Reasonable on paper. Each tool described a real capability. The schemas were valid. The descriptions read like decent docstrings. I was even proud of how cleanly the surface mapped onto the API.

The problem became obvious the first time I watched a real conversation. The user asked something agentic — "show me the top fintech startups this week, and tell me what makes them interesting." A single intent, a single ranked list. Claude did this:

Called `list_sectors` (probably to confirm "fintech" is a valid sector)
Called `list_startups` with a `sector` parameter (does not exist on `list_startups`, schema rejected it)
Retried with a different parameter shape
Eventually gave up and called `get_trending`
Made up a `top_n` parameter that does not exist either
Returned a "this is what is trending" answer that was actually four random startups from cache

Five tool calls for a single intent. Three of them with hallucinated parameters. Zero of them returned the data the user actually wanted.

This is the part nobody talks about when they say "MCP just works." It works in demos because demo prompts map cleanly to one tool. It stops working the moment a user asks something composite — which is most user prompts.

What the model is actually doing#

I had been thinking about MCP tools as endpoints. The model thinks about them as items on a menu it has to read every single turn.

Eight tools means eight schemas in context. Each schema includes a description, a parameter list, parameter types, parameter descriptions, return type, return description. Even with terse docstrings, that runs ~600 tokens per tool. Eight tools ≈ 5,000 tokens of menu before the user has said anything.

Worse, the model has to hold all eight in working memory while it picks one. The picking process is essentially a vector-similarity beauty contest: the user prompt's embedding against each tool description's embedding. If two tools have descriptions that share half their vocabulary — `list_startups` and `get_startup`, say, both heavy on the word "startup" — the model's confidence between them collapses to something close to a coin flip.

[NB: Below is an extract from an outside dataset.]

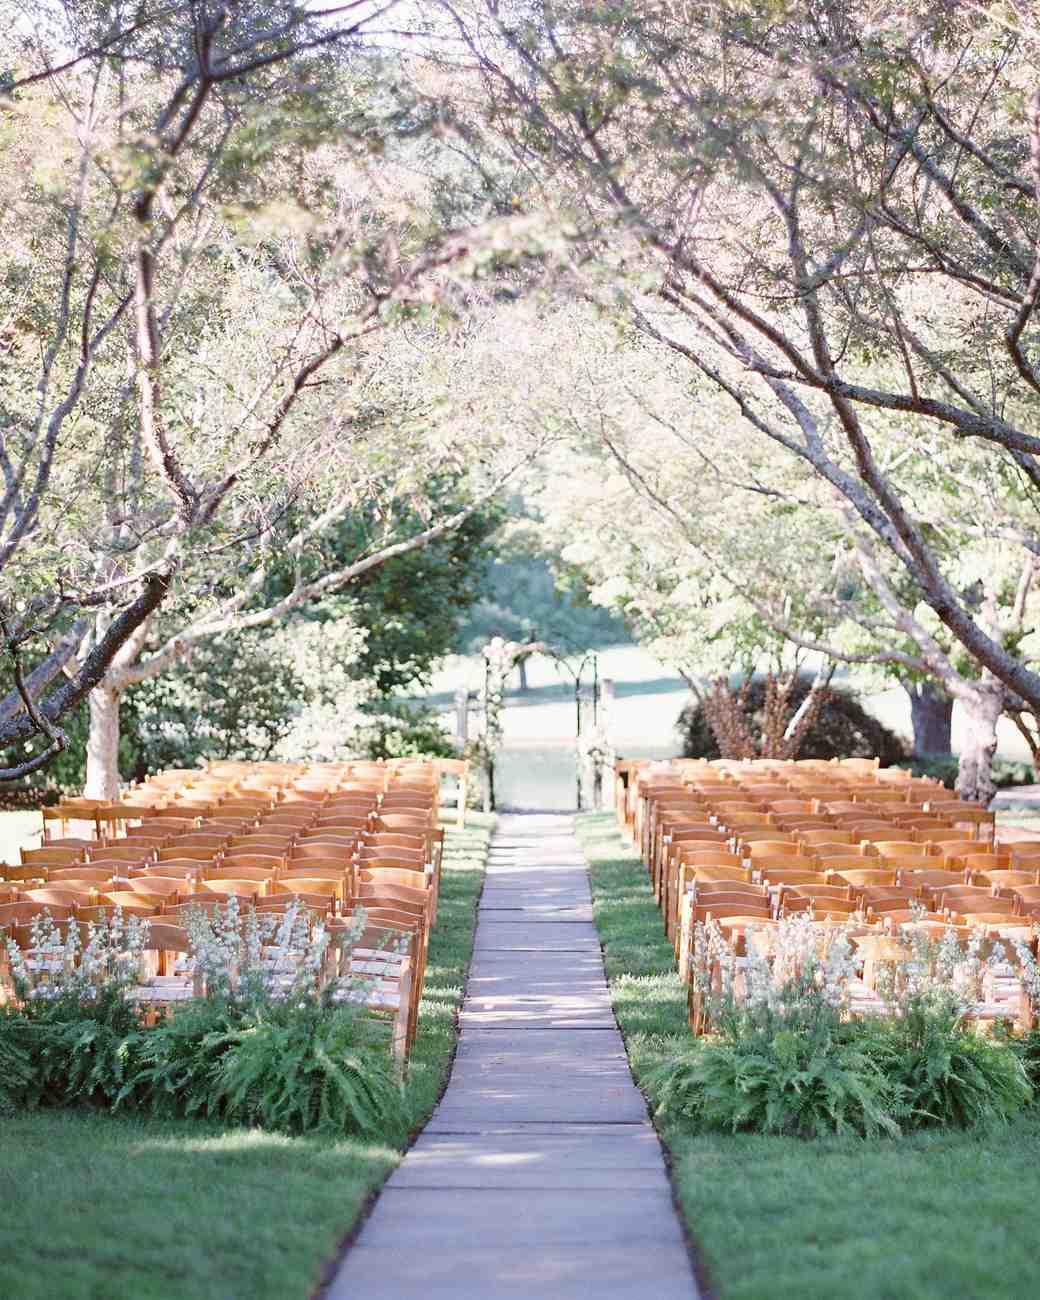 amy-garrison-wedding-ceremony-00414-6134266-0816.jpg

Most "the AI hallucinated a tool call" stories I have heard in the last quarter are this exact failure. Not a model failure. A menu design failure.

The cuts#

Three tools got dropped in the first pass. Two more got renamed.

**`list_startups` and `get_startup` were collapsed.** The model was confusing them on every other turn. The tell: when I logged the model's reasoning, it would describe what it wanted as "a list-style get of startups in fintech" — which is actually `list_startups(sector="fintech")`. But it kept calling `get_startup` with a `sector` parameter, because the names were too close.

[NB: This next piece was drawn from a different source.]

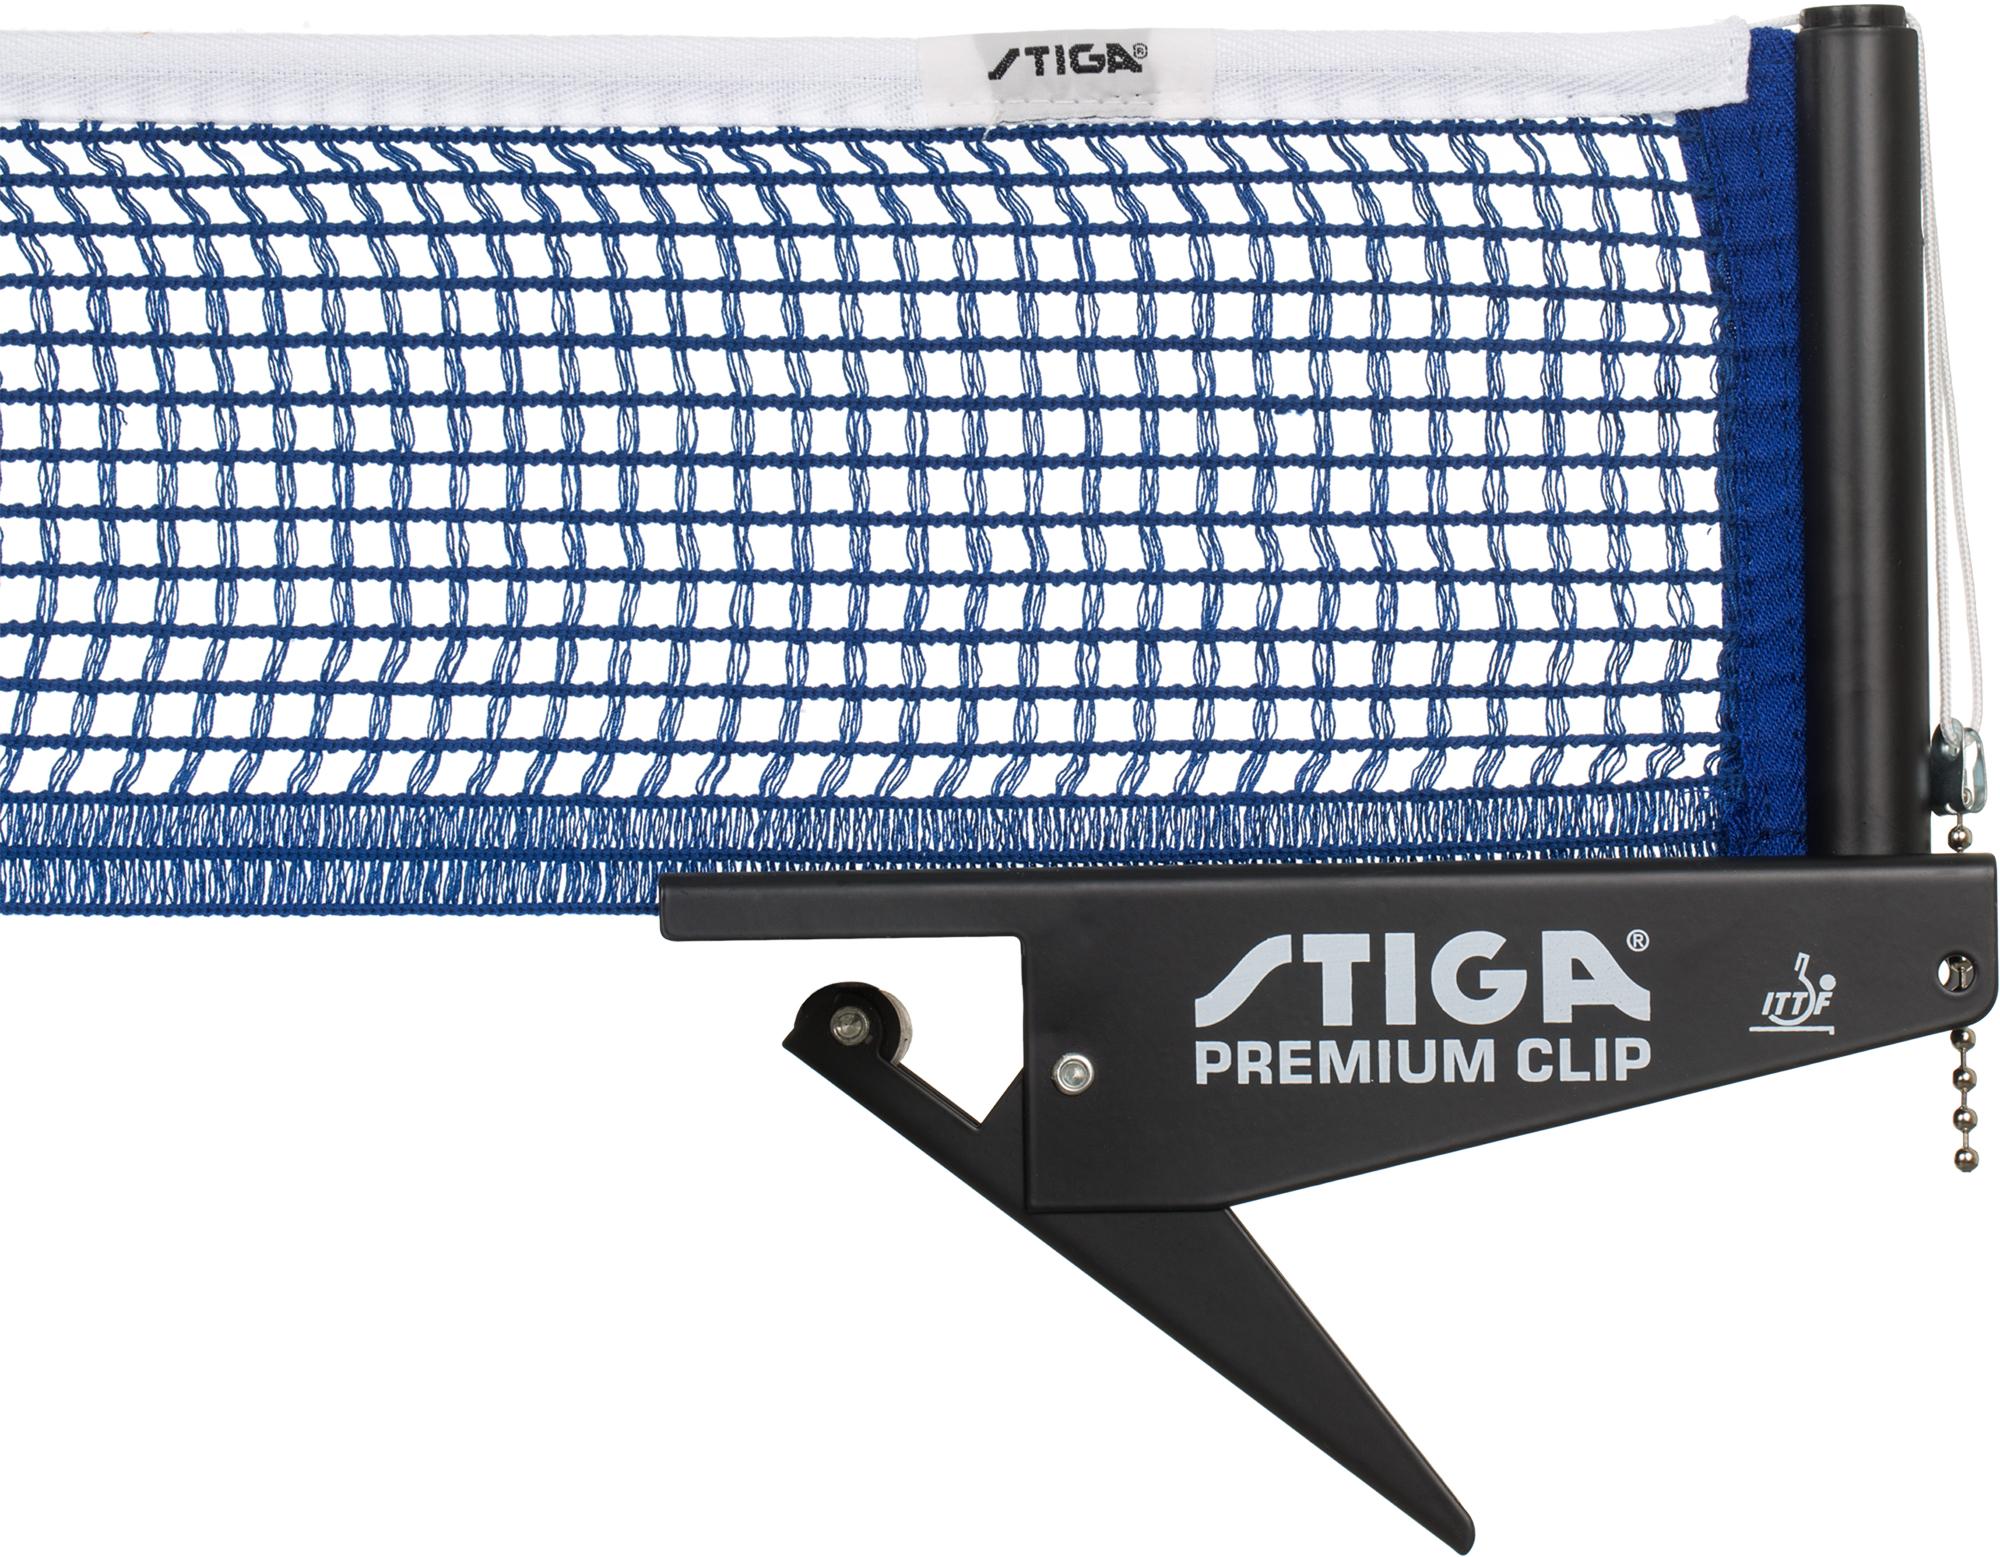 Stiga Сетка для настольного тенниса Stiga Premium Clip цена

I killed `get_startup` entirely. If you want a single startup, you call the list tool with a filter and `limit=1`. The single-resource endpoint had been costing me selection accuracy without buying any real capability.

**`list_sectors` and `get_sector` went the same way.** Almost nobody — including the model — wanted a single sector. They wanted a list to pick from, which used to be `list_sectors`'s job. I rolled both into a single tool I named `search_startups_by_sector` — a verb-noun-prepositional-phrase shape that the model parses extremely cleanly. "Find me fintech startups" → unambiguous match.

**`list_signals` got renamed to `get_startup_signal`.** This was the subtle one. The user almost never says "signals" in a prompt — they say "what's the engineering activity look like for X" or "is this team building." The word "signals" is internal jargon. The rename made the model start picking the right tool on prompts that did not even contain the word signal, because it parsed "startup" from context and matched on that.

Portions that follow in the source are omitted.